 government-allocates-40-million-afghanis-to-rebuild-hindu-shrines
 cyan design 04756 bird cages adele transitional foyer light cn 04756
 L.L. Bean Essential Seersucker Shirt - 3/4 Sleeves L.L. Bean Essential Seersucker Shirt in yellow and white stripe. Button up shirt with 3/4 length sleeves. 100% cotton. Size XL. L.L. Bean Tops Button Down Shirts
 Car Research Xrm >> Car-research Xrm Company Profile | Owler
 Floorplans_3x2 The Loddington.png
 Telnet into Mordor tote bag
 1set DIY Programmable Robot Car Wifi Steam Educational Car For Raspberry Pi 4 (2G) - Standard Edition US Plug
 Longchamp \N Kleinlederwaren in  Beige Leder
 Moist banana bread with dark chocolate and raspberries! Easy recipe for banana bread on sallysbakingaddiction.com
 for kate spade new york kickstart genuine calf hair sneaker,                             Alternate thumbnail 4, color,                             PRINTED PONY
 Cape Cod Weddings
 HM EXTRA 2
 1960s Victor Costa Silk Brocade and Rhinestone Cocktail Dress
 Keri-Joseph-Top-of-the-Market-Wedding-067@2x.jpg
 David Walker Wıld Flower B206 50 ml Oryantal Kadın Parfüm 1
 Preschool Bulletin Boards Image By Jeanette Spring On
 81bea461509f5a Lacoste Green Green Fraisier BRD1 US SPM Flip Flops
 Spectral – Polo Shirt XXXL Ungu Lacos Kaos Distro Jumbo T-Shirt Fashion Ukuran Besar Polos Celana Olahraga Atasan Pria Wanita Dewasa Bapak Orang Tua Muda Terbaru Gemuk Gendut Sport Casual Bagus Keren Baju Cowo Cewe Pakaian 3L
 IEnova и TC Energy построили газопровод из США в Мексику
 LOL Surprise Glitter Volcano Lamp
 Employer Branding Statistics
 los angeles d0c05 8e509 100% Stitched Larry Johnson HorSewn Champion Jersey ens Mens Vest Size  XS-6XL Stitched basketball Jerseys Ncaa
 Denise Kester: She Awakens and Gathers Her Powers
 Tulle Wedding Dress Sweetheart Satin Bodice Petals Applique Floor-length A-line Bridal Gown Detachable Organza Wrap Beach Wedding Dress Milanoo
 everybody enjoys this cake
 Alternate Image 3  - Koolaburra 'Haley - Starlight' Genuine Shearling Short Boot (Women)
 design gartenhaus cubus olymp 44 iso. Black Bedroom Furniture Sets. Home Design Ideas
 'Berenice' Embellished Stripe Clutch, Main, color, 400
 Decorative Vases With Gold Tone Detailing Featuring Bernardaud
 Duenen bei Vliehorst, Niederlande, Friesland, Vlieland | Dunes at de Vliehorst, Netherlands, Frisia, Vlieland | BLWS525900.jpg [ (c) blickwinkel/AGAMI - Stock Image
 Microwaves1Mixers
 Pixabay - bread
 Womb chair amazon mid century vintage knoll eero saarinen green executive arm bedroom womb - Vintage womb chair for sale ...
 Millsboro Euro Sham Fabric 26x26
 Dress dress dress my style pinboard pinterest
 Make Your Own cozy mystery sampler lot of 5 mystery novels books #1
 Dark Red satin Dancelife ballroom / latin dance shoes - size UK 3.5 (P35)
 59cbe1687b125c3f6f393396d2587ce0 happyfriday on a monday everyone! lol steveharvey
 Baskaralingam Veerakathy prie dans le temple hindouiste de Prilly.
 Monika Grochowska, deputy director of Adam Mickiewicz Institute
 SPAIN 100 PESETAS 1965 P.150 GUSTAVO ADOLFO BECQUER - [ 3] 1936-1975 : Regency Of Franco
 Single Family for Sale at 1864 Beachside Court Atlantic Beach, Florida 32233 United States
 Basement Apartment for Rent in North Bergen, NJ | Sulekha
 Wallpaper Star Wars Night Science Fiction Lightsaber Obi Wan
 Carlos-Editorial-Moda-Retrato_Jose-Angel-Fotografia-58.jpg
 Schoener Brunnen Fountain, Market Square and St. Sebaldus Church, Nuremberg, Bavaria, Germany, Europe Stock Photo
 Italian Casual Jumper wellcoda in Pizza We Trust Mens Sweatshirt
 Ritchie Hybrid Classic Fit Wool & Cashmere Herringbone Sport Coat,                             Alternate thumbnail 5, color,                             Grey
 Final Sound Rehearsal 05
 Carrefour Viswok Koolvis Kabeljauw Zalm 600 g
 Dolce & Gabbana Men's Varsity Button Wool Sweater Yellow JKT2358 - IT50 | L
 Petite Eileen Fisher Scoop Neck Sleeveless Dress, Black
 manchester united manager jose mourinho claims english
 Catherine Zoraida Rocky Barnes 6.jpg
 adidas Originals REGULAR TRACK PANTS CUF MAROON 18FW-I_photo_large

----

## REQUIREMENT
Working from the entries above, return all lines that contain "Market".

## ANSWER TO THE PROBLEM
 Keri-Joseph-Top-of-the-Market-Wedding-067@2x.jpg
 Schoener Brunnen Fountain, Market Square and St. Sebaldus Church, Nuremberg, Bavaria, Germany, Europe Stock Photo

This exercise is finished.